Lactoferrin ist ein natürlicherweise in Milch vorkommendes Protein, das Eisen binden kann. Aus diesem Grund wird es häufig mit Eisen kombiniert. Die Kombination bringt zwei ernährungsbezogene Bestandteile zusammen: Eisen als essentielles Spurenelement und Lactoferrin als eisenbindendes Protein.
Lactoferrin wird häufig morgens oder zwischen den Mahlzeiten eingenommen. Viele Produkte empfehlen die Einnahme auf nüchternen Magen, zum Beispiel direkt nach dem Aufstehen oder mit etwas Abstand zu einer Mahlzeit. Da Dosierung und Anwendung je nach Produkt variieren können, sollte immer die jeweilige Verzehrempfehlung auf der Verpackung beachtet werden.
Die Einnahmedauer hängt vom individuellen Ziel ab. Manche Anwender nutzen Lactoferrin kurweise in Belastungsphasen, andere integrieren es langfristig in ihre Supplementierungsroutine. Eine individuelle Beratung kann helfen, die passende Strategie zu finden.

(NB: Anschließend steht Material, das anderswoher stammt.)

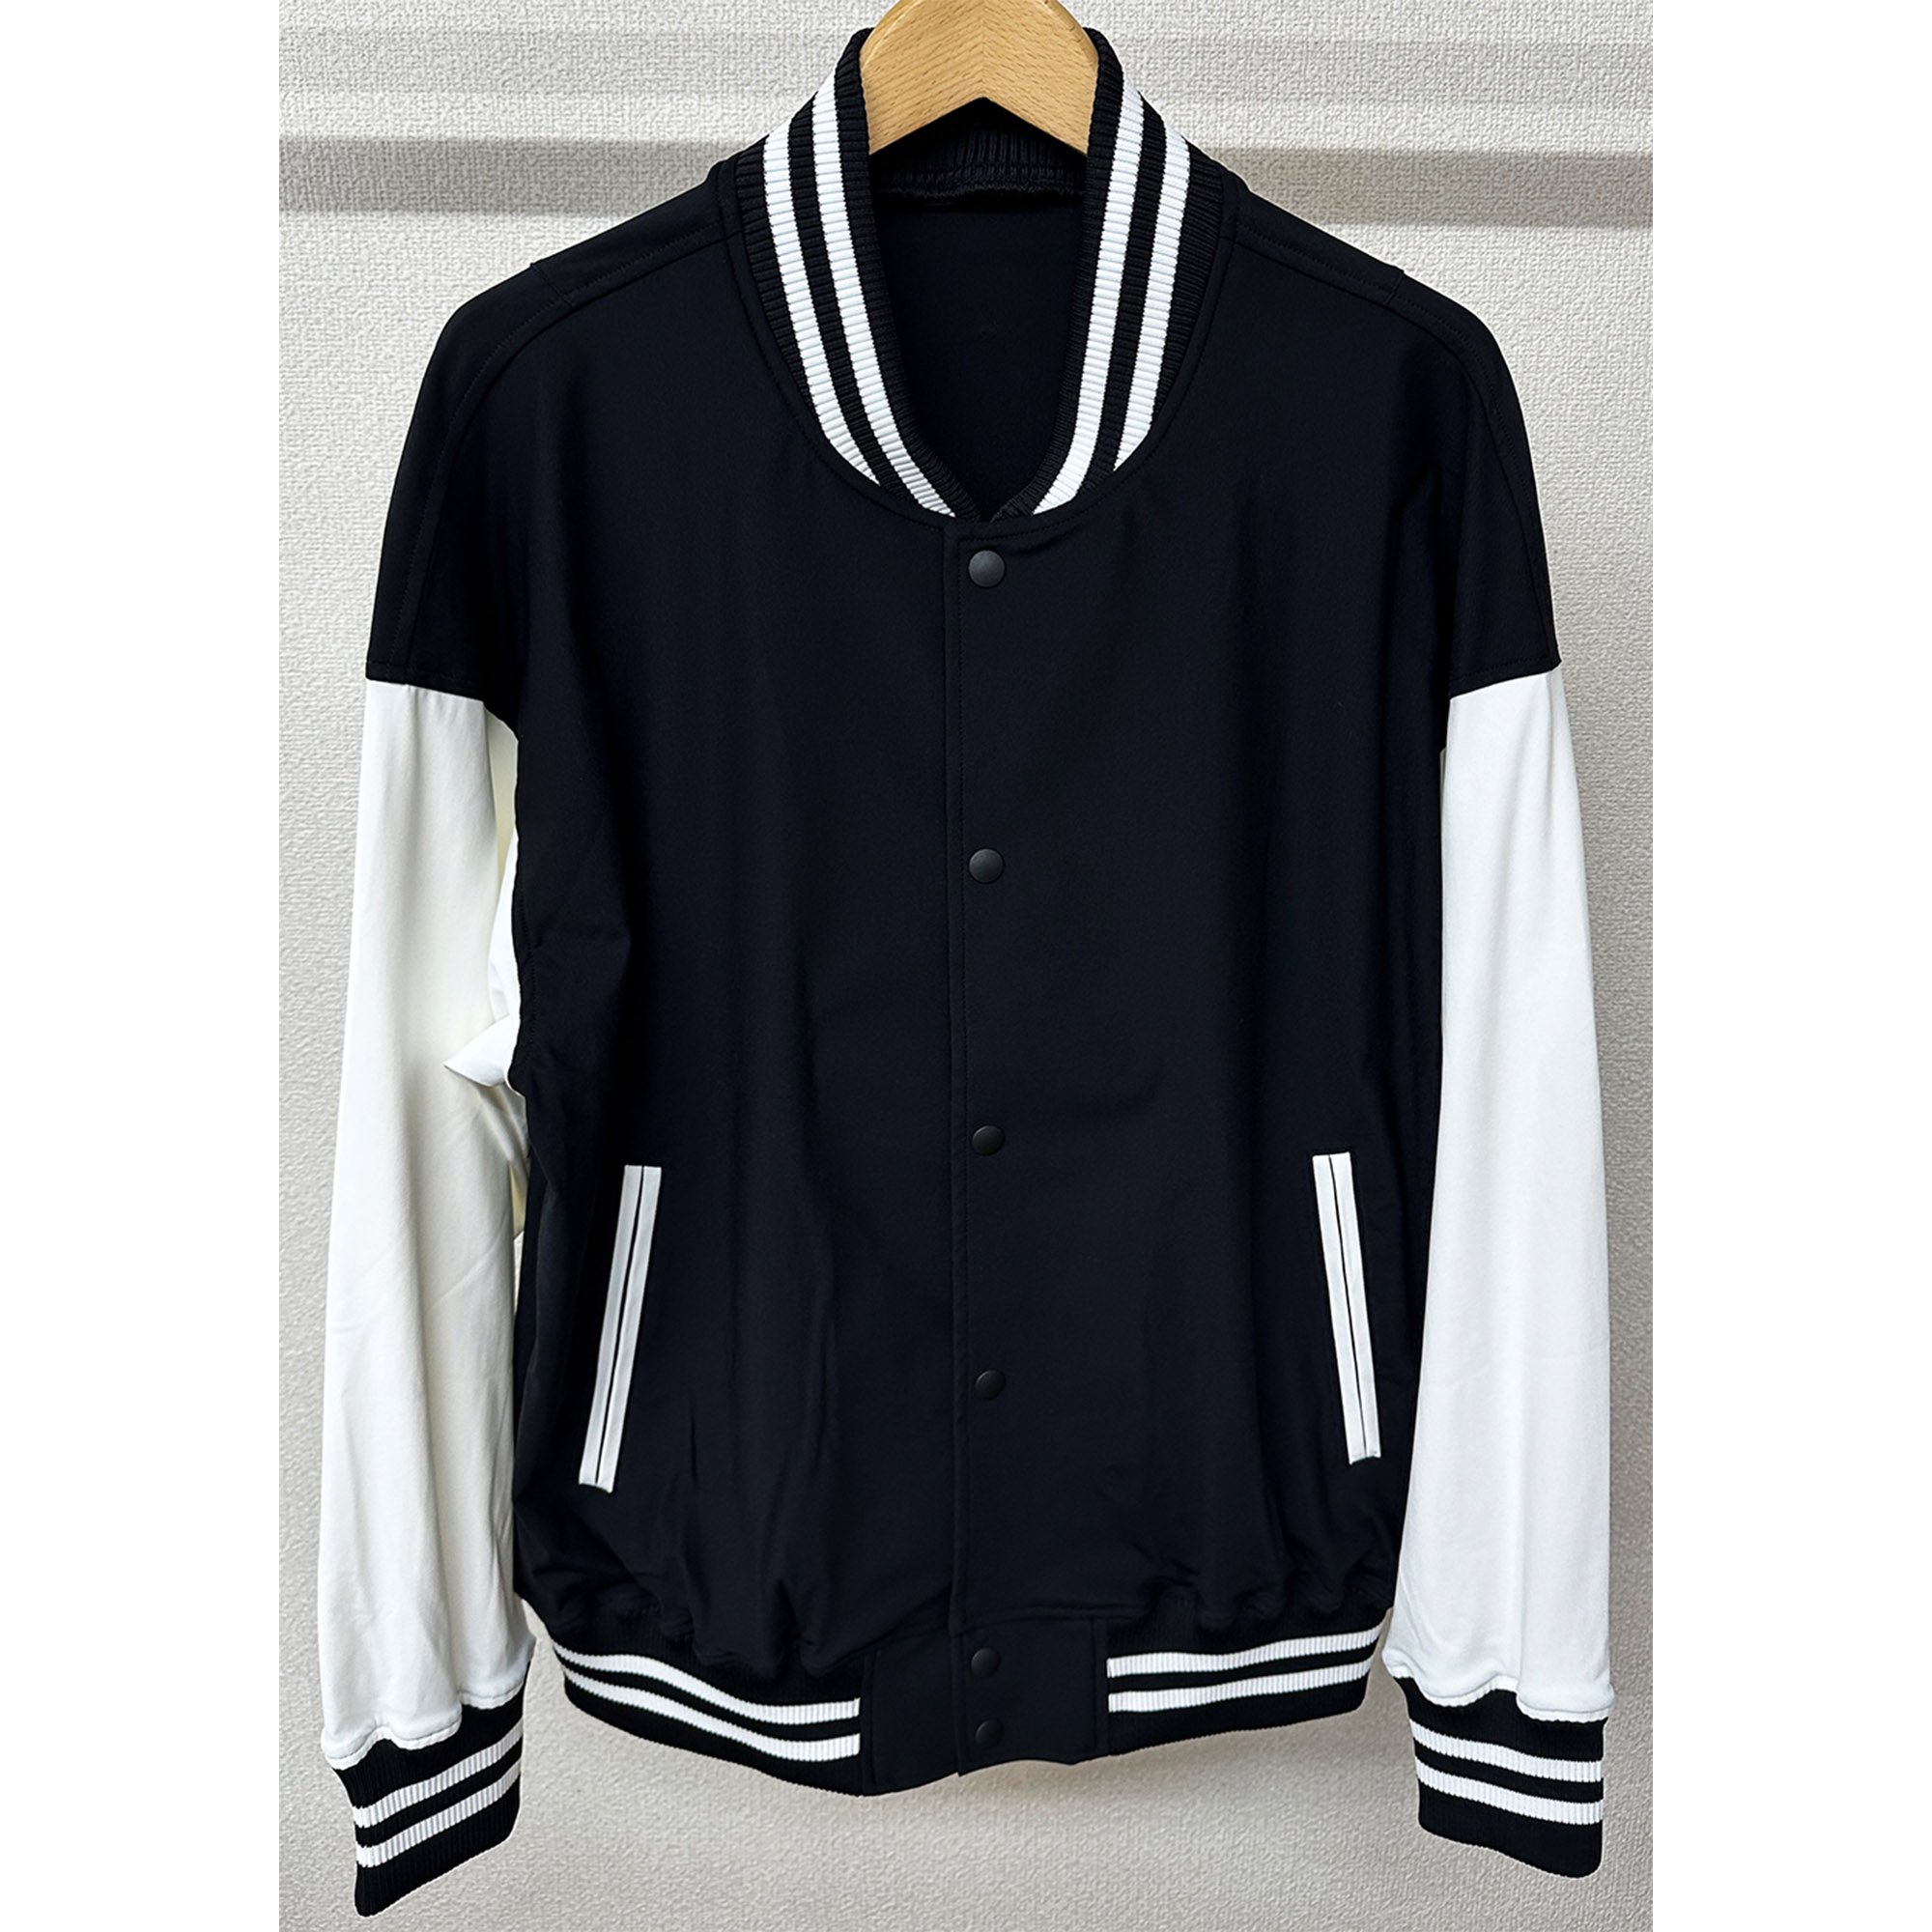 <img class='new_mark_img1' src='https://img.shop-pro.jp/img/new/icons1.gif' style='border:none;display:inline;margin:0px;padding:0px;width:auto;' />TECH OVER VARSITY JACKET BKWH

Lactoferrin kommt in verschiedenen Körperflüssigkeiten natürlich vor: Tränen, Speichel, Blut und in den höchsten Konzentrationen in der Muttermilch. Dort fungiert es insbesondere für die frühe Immunabwehr von Säuglingen. Kuhmilch enthält ebenfalls Lactoferrin. Heutzutage wird Lactoferrin typischerweise aus Milch oder Molke extrahiert, aufgereinigt und aufkonzentriert und anschließend in modernen Baby- und Säuglingsnahrungsprodukten zugesetzt. Insbesondere im asiatischen Raum enthält nahezu jedes Produkt für die Kleinsten Lactoferrin-Zusätze.
Lactoferrin sollte bei einer Allergie oder Unverträglichkeit gegen Kuhmilchprotein zunächst nur vorsichtig getestet und bei einer Reaktion sofort abgesetzt werden. Das Protein ist durch die HPLC Trennung und Ultra-Filtration vollständig laktosefrei, und nahezu frei von jeglichen sonstigen Eiweißen, stammt jedoch im Ursprung aus Kuhmilch. Schwangere, Stillende sowie Menschen mit Erkrankungen oder regelmäßiger Medikamenteneinnahme sollten die Einnahme vorher ärztlich abklären.